В университет настроения идти нет. Но и дома находиться с ними я не могу. И впервые в жизни, обманув маму, я решаюсь прогулять пары. Просто захожу в кафе, недалеко от университета, и заказываю себе большую чашку капучино. Ни один из моих свитеров не в силах скрыть жуткие фиолетовые следы на шее, и я в несколько оборотов наматываю платок, который то и дело съезжает набок, раздражая меня.
В кармане вибрирует телефон. Я не хочу ни с кем общаться, меня гнетут тяжелые, депрессивные мысли. Но незнакомый номер настораживает, и я поднимаю трубку.
— Иванова, где вас носит? Я уже пятнадцать минут жду вас на кафедре, — глушит грозный голос Роман Романовича.
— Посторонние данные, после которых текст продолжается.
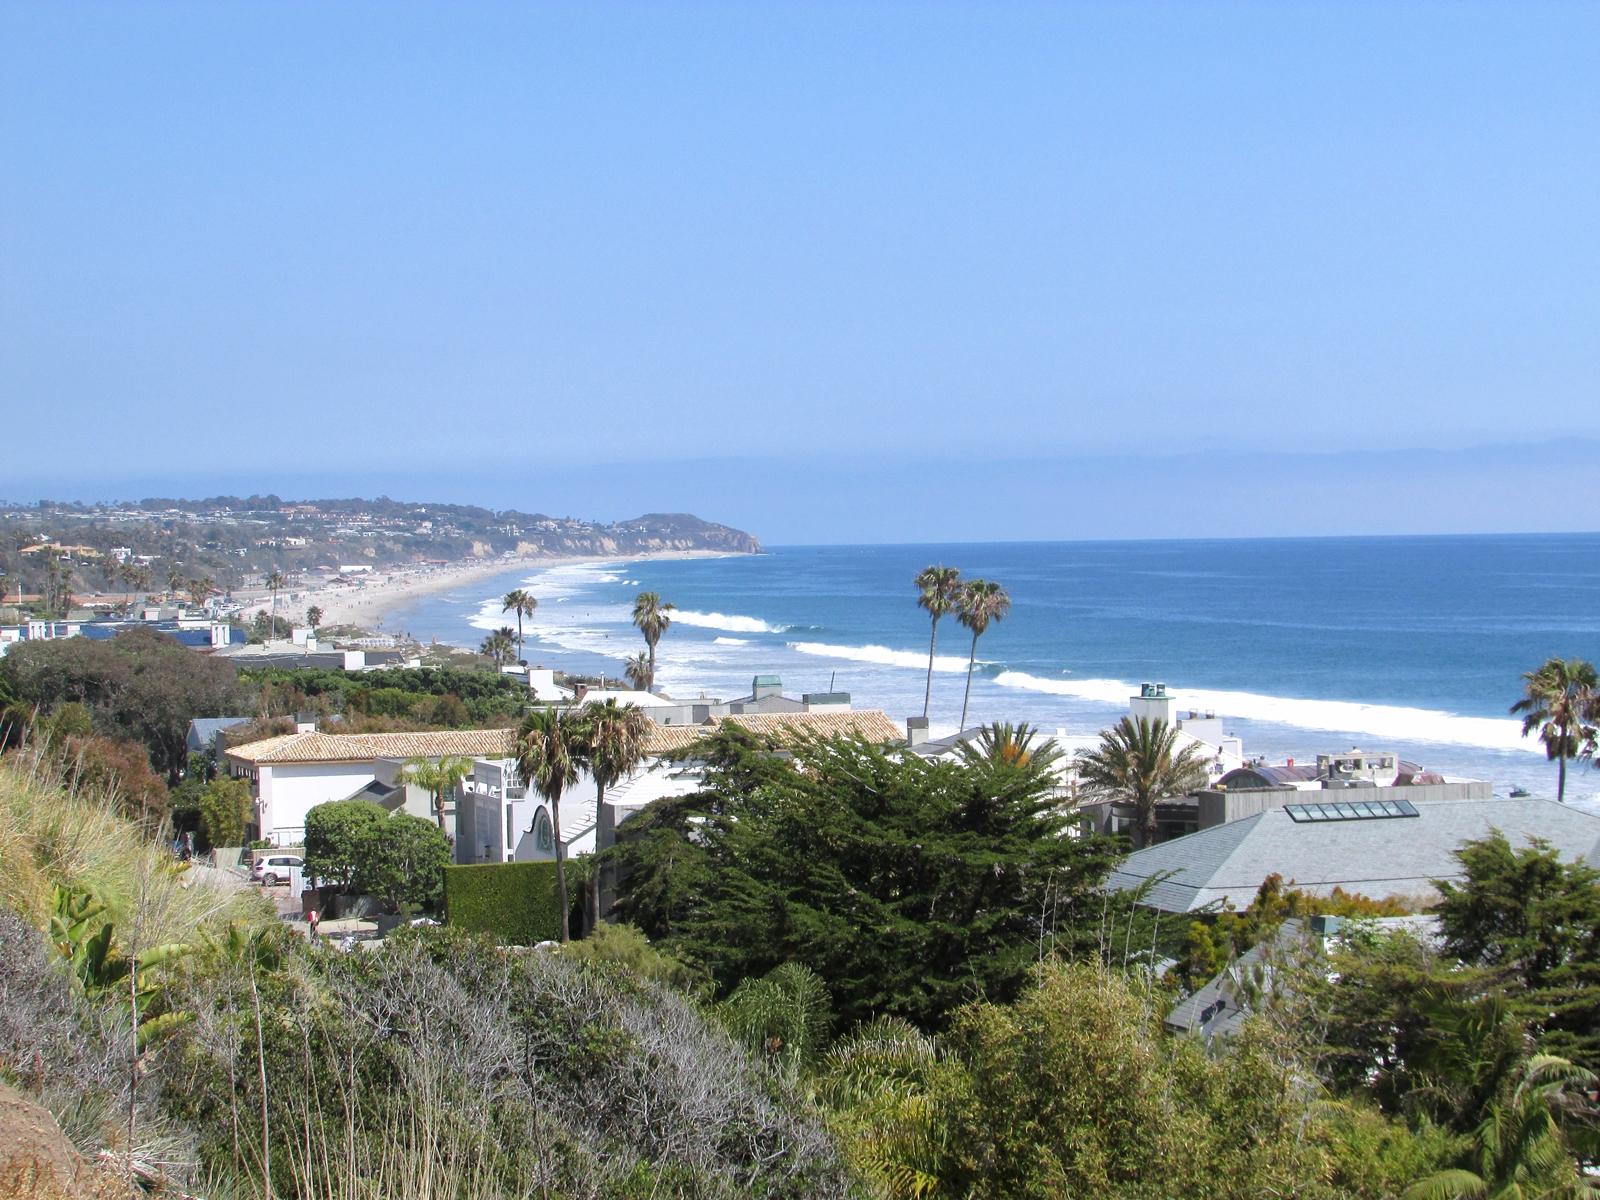 USA Rundreise - Amerika Westküste - Malibu Beach - Fashionladyloves by Tamara Wagner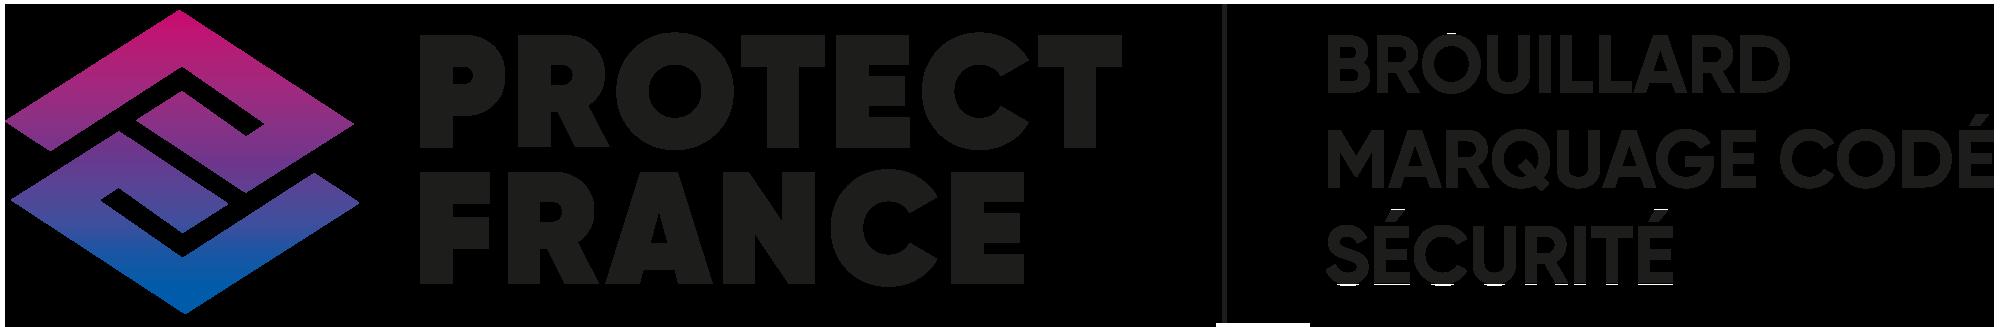 logo-coul-transp

Глупая импульсивная малолетка. Я даже о нашей встрече с профессором забыла, так сильно меня потрясло произошедшее. Больной дед — это взрослые проблемы, к которым я морально не готова.
— Извините, Роман Романович, я сегодня не смогу.
— Вы заболели? У вас голос странный.
— Нет, я просто не смогу.
— Всего доброго, Иванова.
Он отключается, а я не успеваю спросить, где он взял мой номер. Наверное, вычитал в личном деле. Теперь он будет думать, будто я какая-то безалаберная. Надо было пойти, посидеть там и позаписывать. Этим и отличаются взрослые от детей, они всё понимают и умеют брать себя в руки. Дед никуда не денется. И сегодня ночью я снова буду ночевать с ним в одной квартире.
Спустя полчаса бессмысленного ковыряния ложкой в остатках капучино на дне чашки я замечаю, что народу в кафе становится в разы больше. Так часто бывает, когда заканчивается третья пара. Здесь появляются и студенты, и преподаватели. В кафе готовят вкусно и недорого, варят отличный кофе.
Грустно вздохнув, бесцельно сверлю взглядом дверь, в которой неожиданно возникает Роман Романович. Конечно же, это странное совпадение, и мой преподаватель вовсе не собирался выискивать меня, выясняя, что случилось. Здесь продаются вкусные пирожки, и, взглянув на меня без особо энтузиазма, Заболоцкий направляется к витрине, выбирая выпечку.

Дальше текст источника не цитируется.